For the tab format, the selected fields have to be present in the default output columns. "cDNA,Amino acid change,Codon change" are not part of the output, the correct column names are "cDNA_position,Amino_acids,Codons" Here you can read more about the --fields option: http://www.ensembl.org/info/docs/tools/vep/script/vep_options.html#opt_fields

AppWick-hub commented 2 months ago

Wondering, how can we annotate sample specific GT, AD, DP, GQ information to the tab format data frame generated. The fields "cDNA_position,Amino_acids,Codons" retuning with values now. Thanks for clarifying.

dglemos commented 2 months ago

You could have a script to attach the sample info from the input VCF to the tab output. As an alternative, you could output VEP in VCF format and parse the file with bcftools split-vep. This plugin converts from vcf to tab with the option to print selected values in the same line.

AppWick-hub commented 2 months ago

Thanks for the tip dglemos. The plugin https://samtools.github.io/bcftools/howtos/plugin.split-vep.html works well.

AppWick-hub commented 2 months ago

Hi, Another issue came up recently similar to the one mentioned above.

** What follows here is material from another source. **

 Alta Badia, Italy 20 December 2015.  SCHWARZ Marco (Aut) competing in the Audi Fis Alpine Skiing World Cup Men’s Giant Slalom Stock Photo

When I use --plugin dbNSFP,./dbNSFP4.gz,GDI,GO_biological_process,GTEx_V8_eQTL_gene,GTEx_V8_eQTL_tissue to extract few columns from the dbNSFP database, the generated columns (GDI,GO_biological_process,GTEx_V8_eQTL_gene,GTEx_V8_eQTL_tissue) in the extracted tab output file, all the rows contain "invalid_value" text with no actual numerical value or gene name/tissue expression texts.

dglemos commented 2 months ago

Hi @AppWick-hub, The dbNSFP file name dbNSFP4.gz does not include the version. Which dbNSFP version are you using? Did you check if your dbNSFP file contains the columns: GDI, GO_biological_process, GTEx_V8_eQTL_gene, GTEx_V8_eQTL_tissue

AppWick-hub commented 2 months ago

Hi, The dbNSFP file name is dbNSFP4.7a_grch37.gz. In dbNSFP4.7a.readme.txt, the column names GDI, GO_biological_process, GTEx_V8_eQTL_gene, GTEx_V8_eQTL_tissue are there. Also the generated .table file contains these columns. Surprisingly, there is a warning while generating the .table file which is : _the following columns were not found in file header: GDI, GO_biologicalprocess.

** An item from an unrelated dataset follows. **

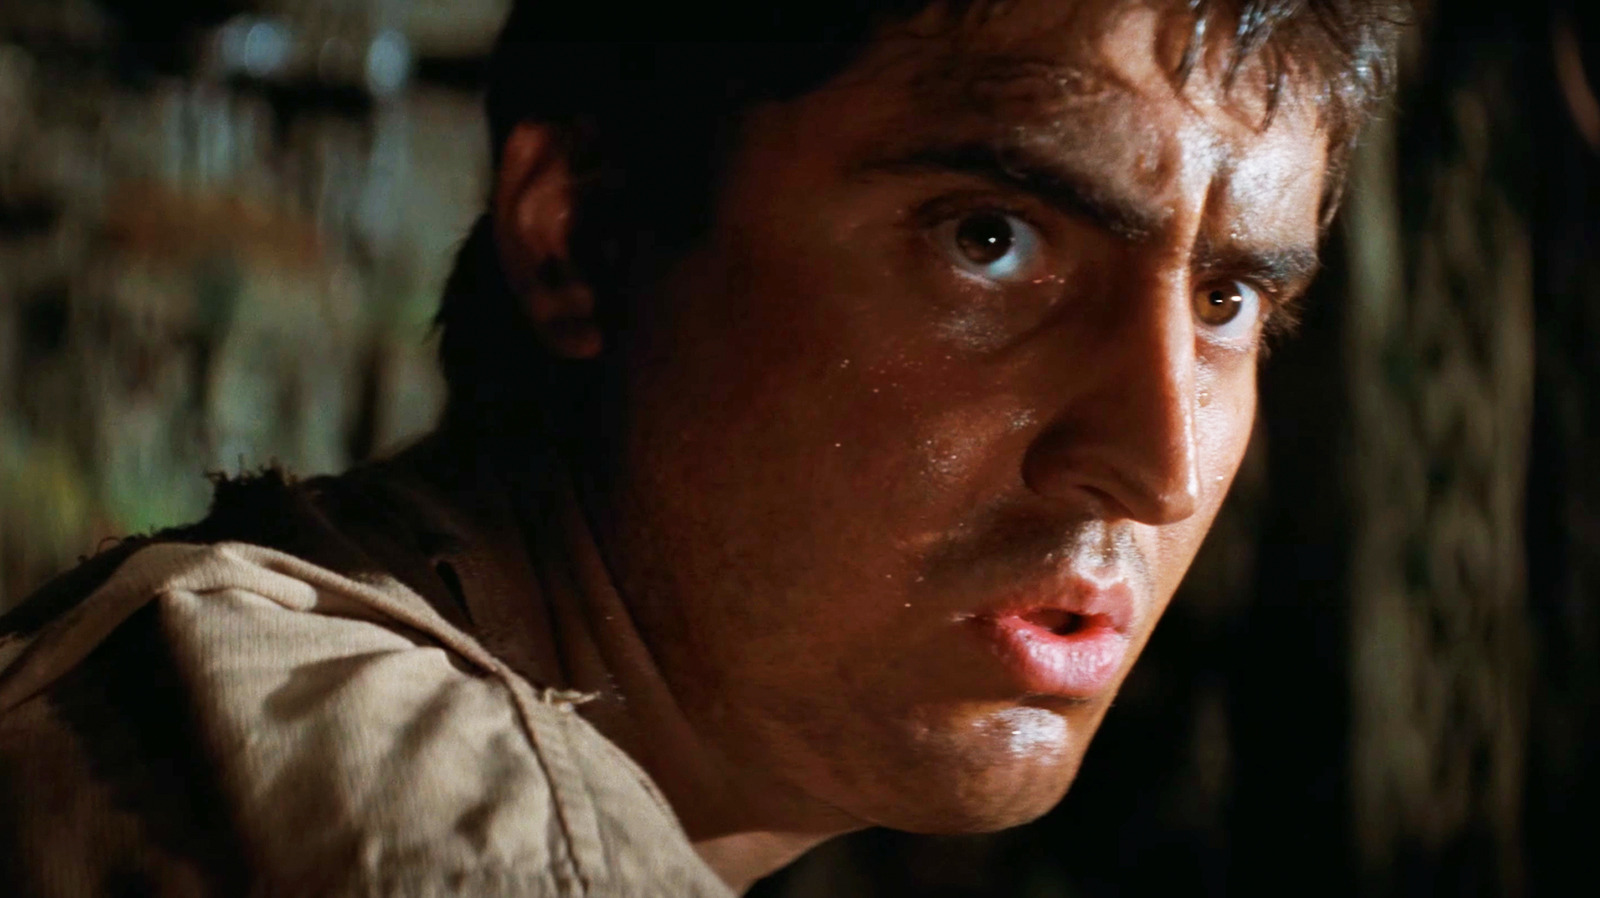 Alfred Molina Didn't Have To Act Much In Raiders Of The Lost Ark's Spider Scene With Indiana Jones

dglemos commented 2 months ago

Can you send all the commands you run to generate the files?

AppWick-hub commented 2 months ago

Sure. Following are the commands I used:

./vep \
--offline --format vcf --assembly GRCh37 \
--dir_cache /*/*/ \
--force_overwrite \
--everything --per_gene --species homo_sapiens \
--fork 40 \
--dir_plugins /*/*/ \
--plugin pLI,file=./pLI_values.txt \
--plugin dbNSFP,./dbNSFP4.7a_grch37.gz,GDI,GO_biological_process,GTEx_V8_eQTL_gene,GTEx_V8_eQTL_tissue \
-i ./*.vcf \
--tab --fields "Location,Allele,SYMBOL,Consequence,GDI,GO_biological_process,GTEx_V8_eQTL_gene,GTEx_V8_eQTL_tissue" -o stdout | \
filter_vep --filter "MAX_AF < 0.01 on not MAX_AF" \
-o ./*.table

dglemos commented 2 months ago

Thanks. Which commands did you run to prepare the file dbNSFP4.7a_grch37.gz?

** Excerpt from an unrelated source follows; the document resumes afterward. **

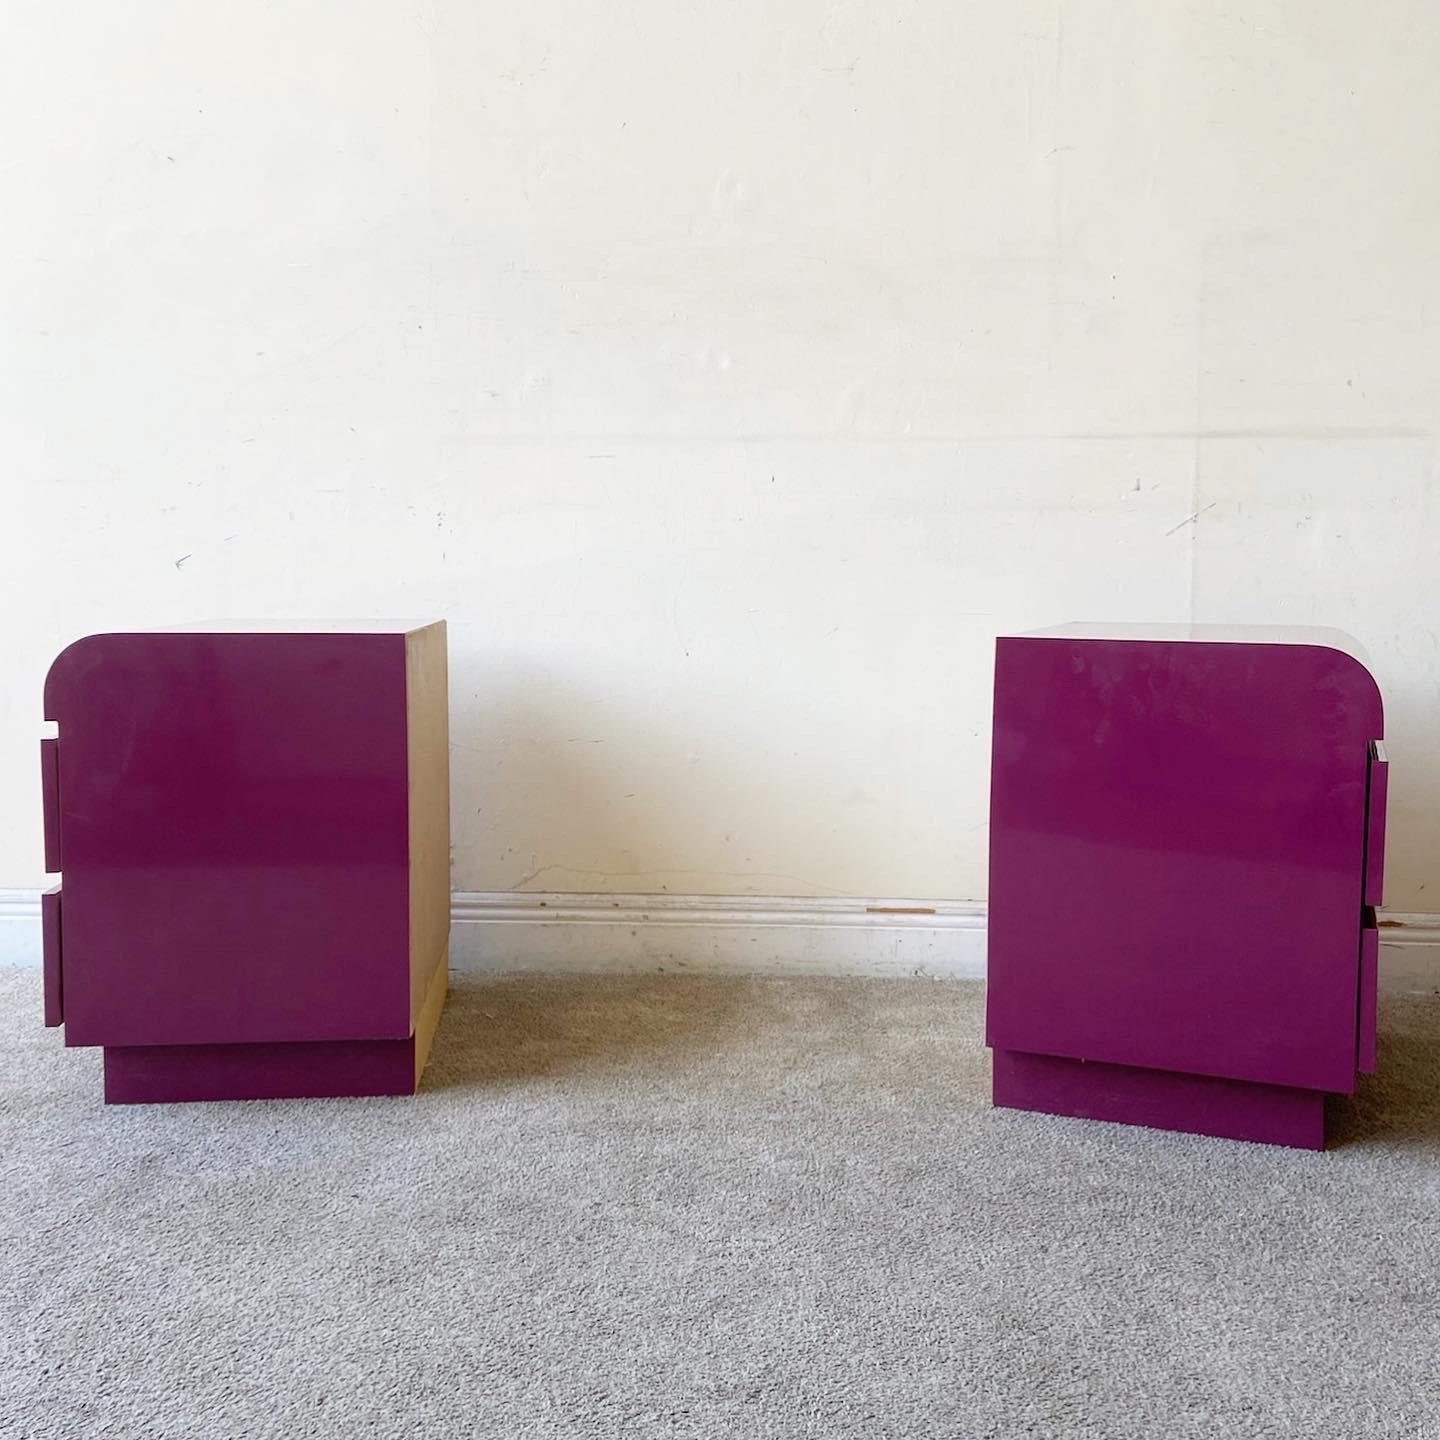 American 1980s Postmodern Purple Lacquer Laminate Nightstands, a Pair

AppWick-hub commented 2 months ago

As highlighted here: https://github.com/Ensembl/VEP_plugins/blob/release/111/dbNSFP.pm, when I tried to download the dbNSFP4.7a.zip file using the following command:

wget ftp://dbnsfp:dbnsfp@dbnsfp.softgenetics.com/dbNSFP4.7a.zip

it failed due to some connection issue. So I used:

wget https://dbnsfp.s3.amazonaws.com/dbNSFP4.7a.zip

as mentioned here: https://sites.google.com/site/jpopgen/dbNSFP. And then I just followed the remaining steps as mentioned here: https://github.com/Ensembl/VEP_plugins/blob/release/111/dbNSFP.pm.

dglemos commented 2 months ago

Can you send the first lines of your dbSNFP file?

Surprisingly, there is a warning while generating the .table file which is : the following columns were not found in file header: GDI, GO_biological_process.

Which command did you run to generate that file? Could you please send the command and the full warning message?

dglemos commented 2 months ago

I cannot see the GDI and GO_biological_process in your header but it's difficult to find the header names in the screenshot. Can you paste the header line here? Can you please double-check the file you downloaded has these two columns? For GTEx_V8_eQTL_gene and GTEx_V8_eQTL_tissue if there is no value then the column has . this means VEP will attach . to your variant. Please paste the VEP output here.